# DIRECTIONS FOR THIS TASK:
What follows is a listing; repeat exactly, and only, its lines from the one holding "Wedding Thank You" through the last, leaving any pictures out.
───── SOURCE MATERIAL
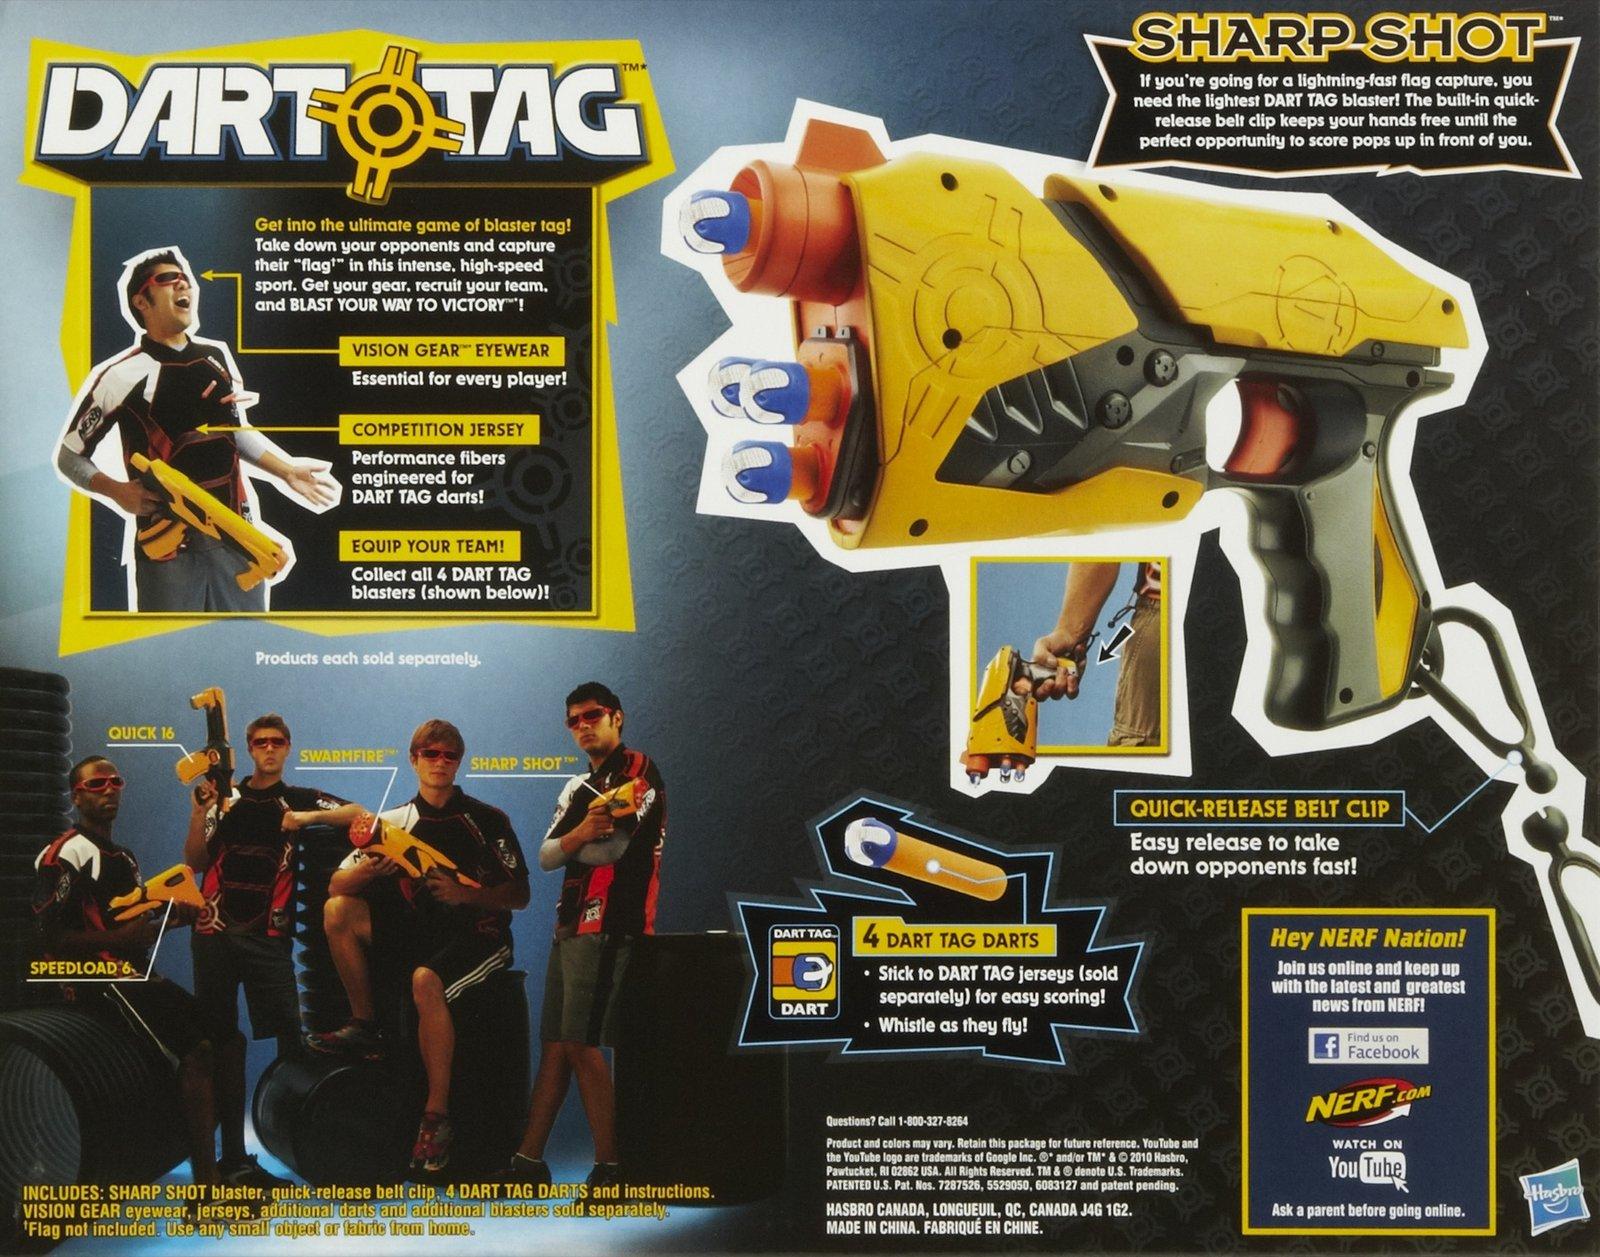 nerf sharp shot box back
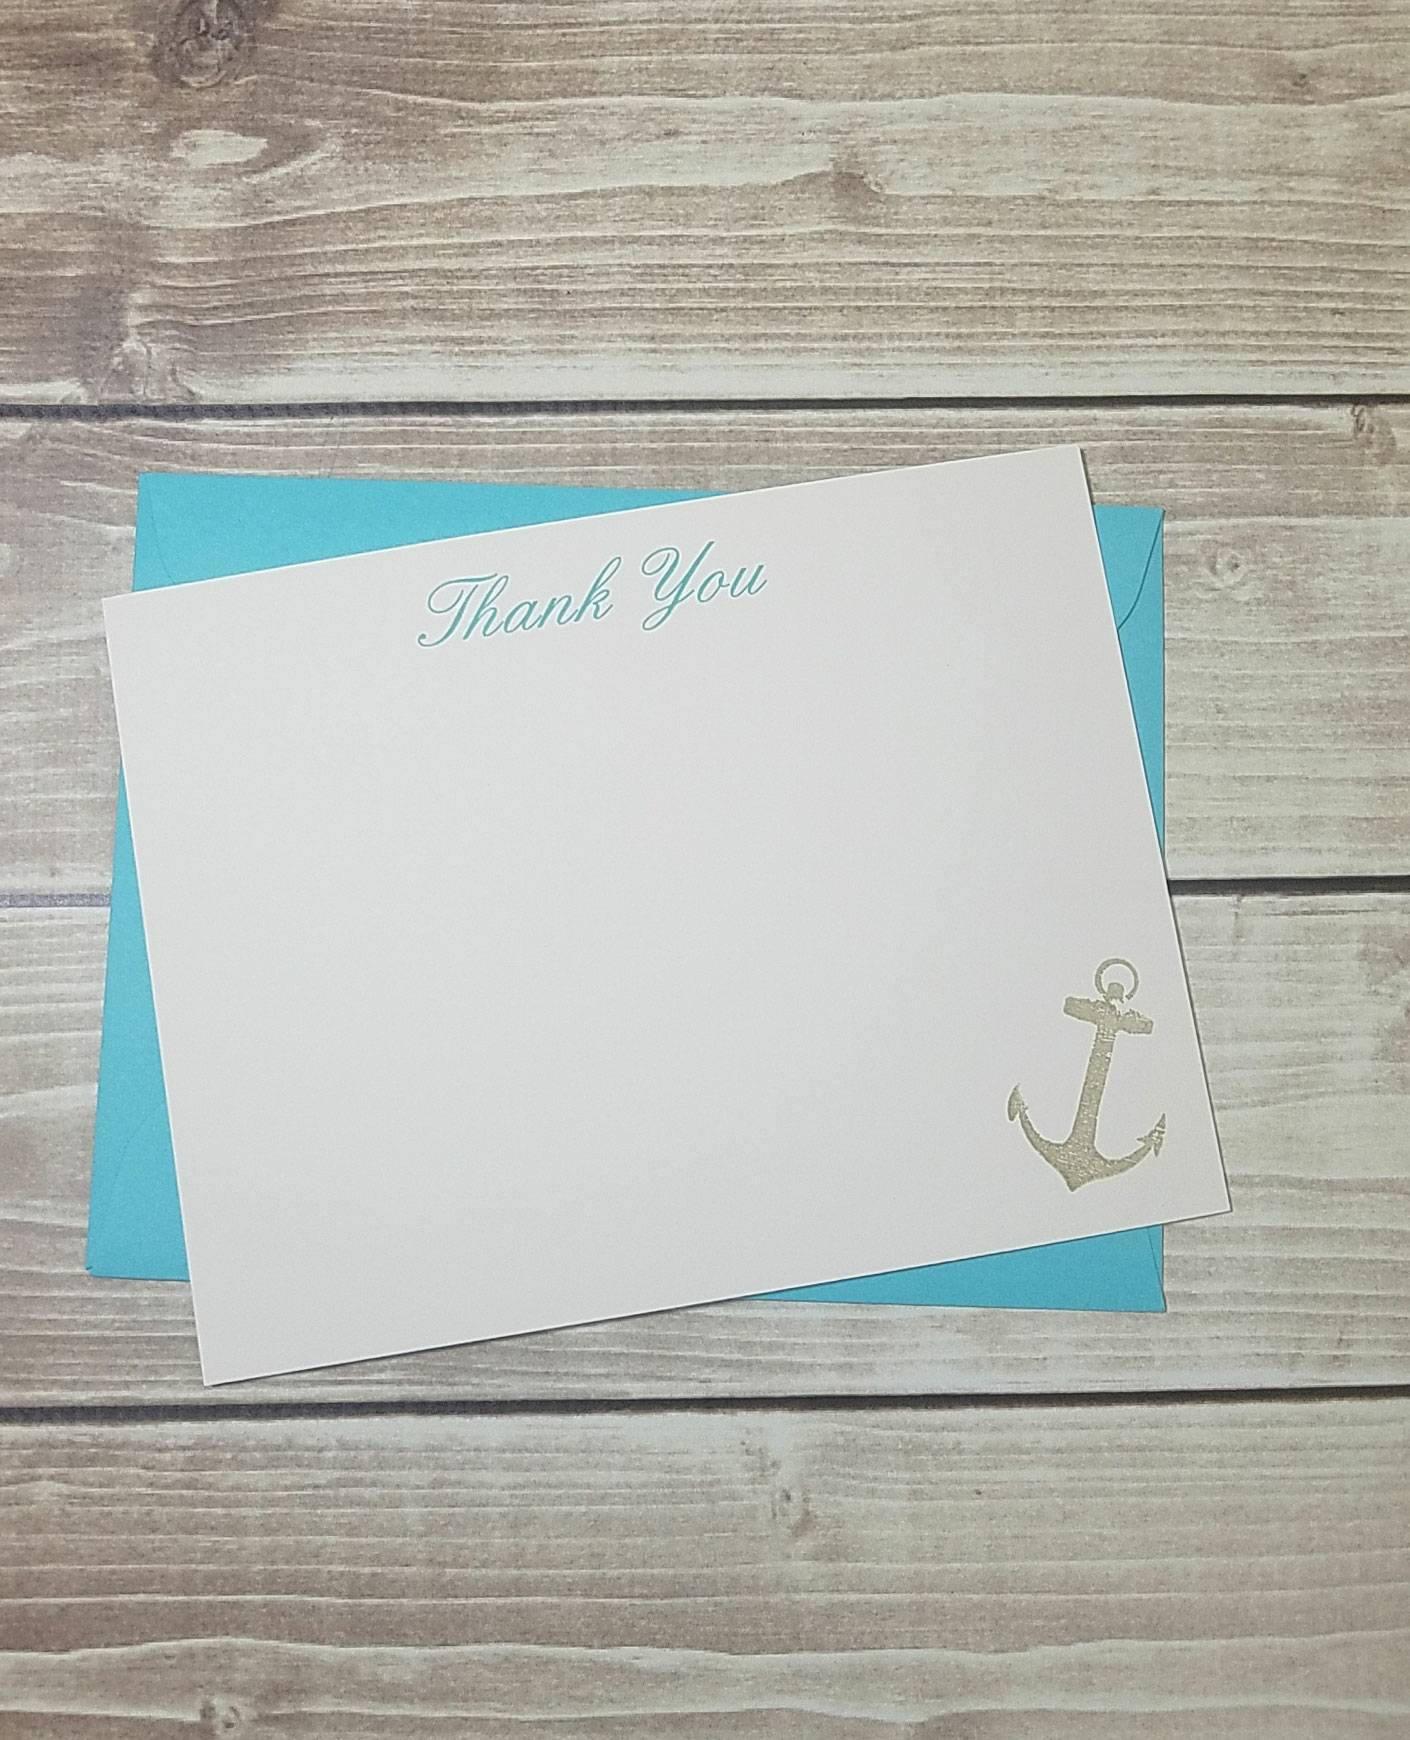 Wedding Thank You Stationery, Beach Stationery, Beach Thank You Note,  Anchor Thank You
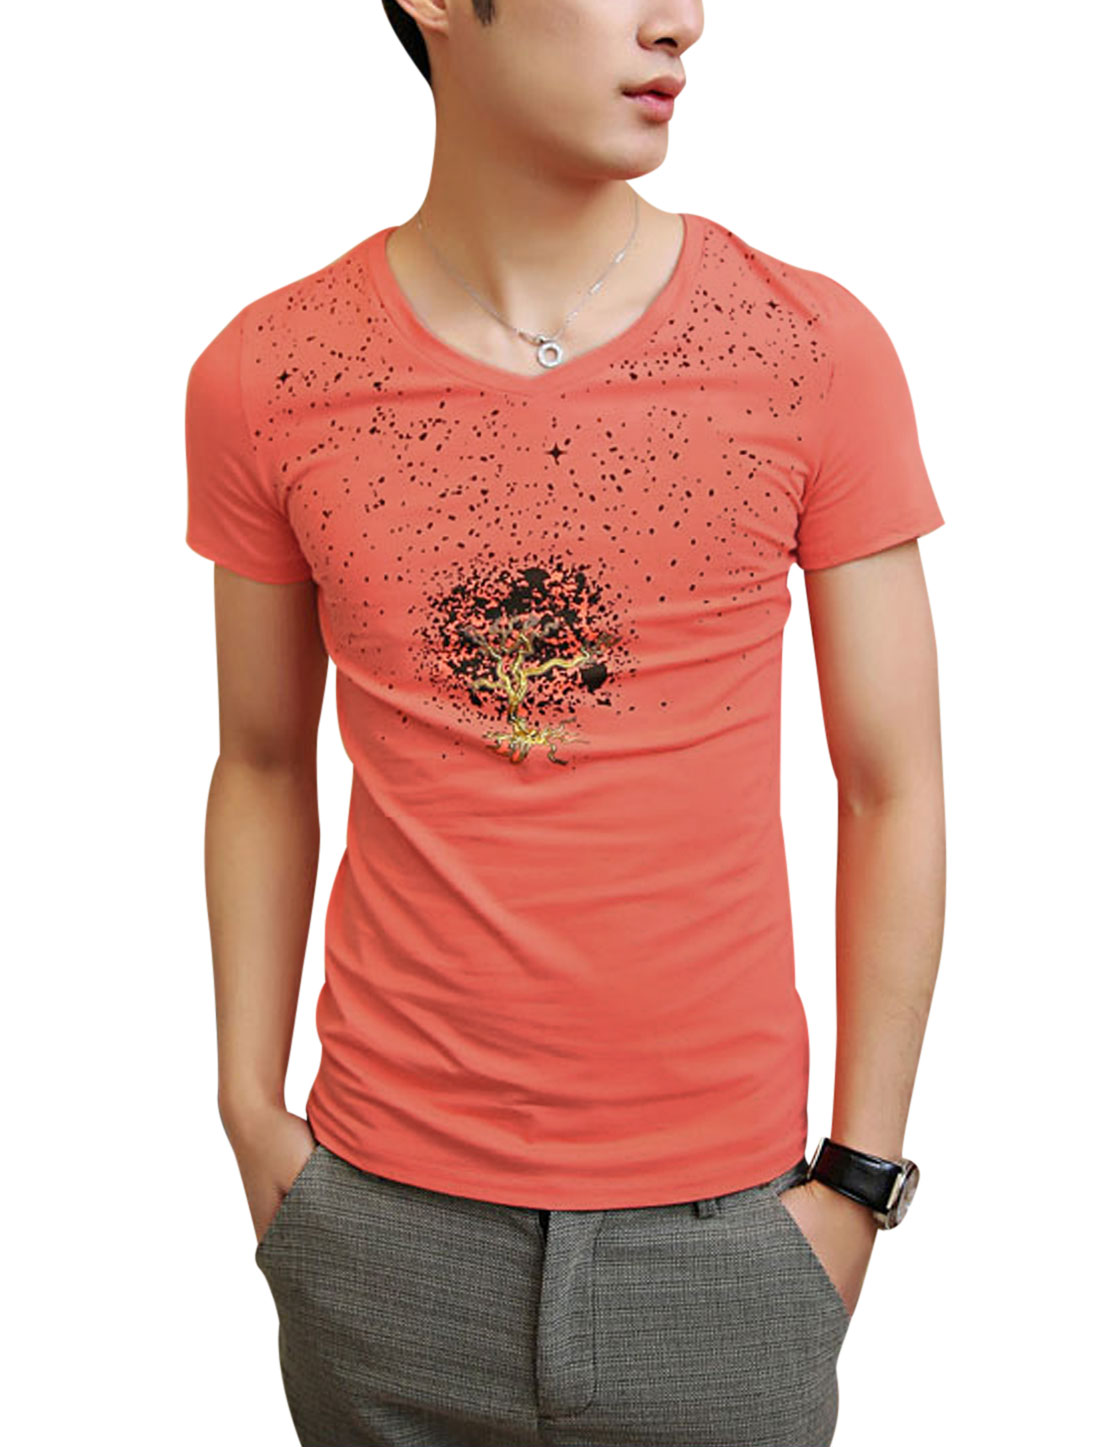 Men Fashion V Neck Glitter Detail Tree Printed Tee Watermelon Red S
──────────
# TASK RESPONSE:
 Wedding Thank You Stationery, Beach Stationery, Beach Thank You Note,  Anchor Thank You
 Men Fashion V Neck Glitter Detail Tree Printed Tee Watermelon Red S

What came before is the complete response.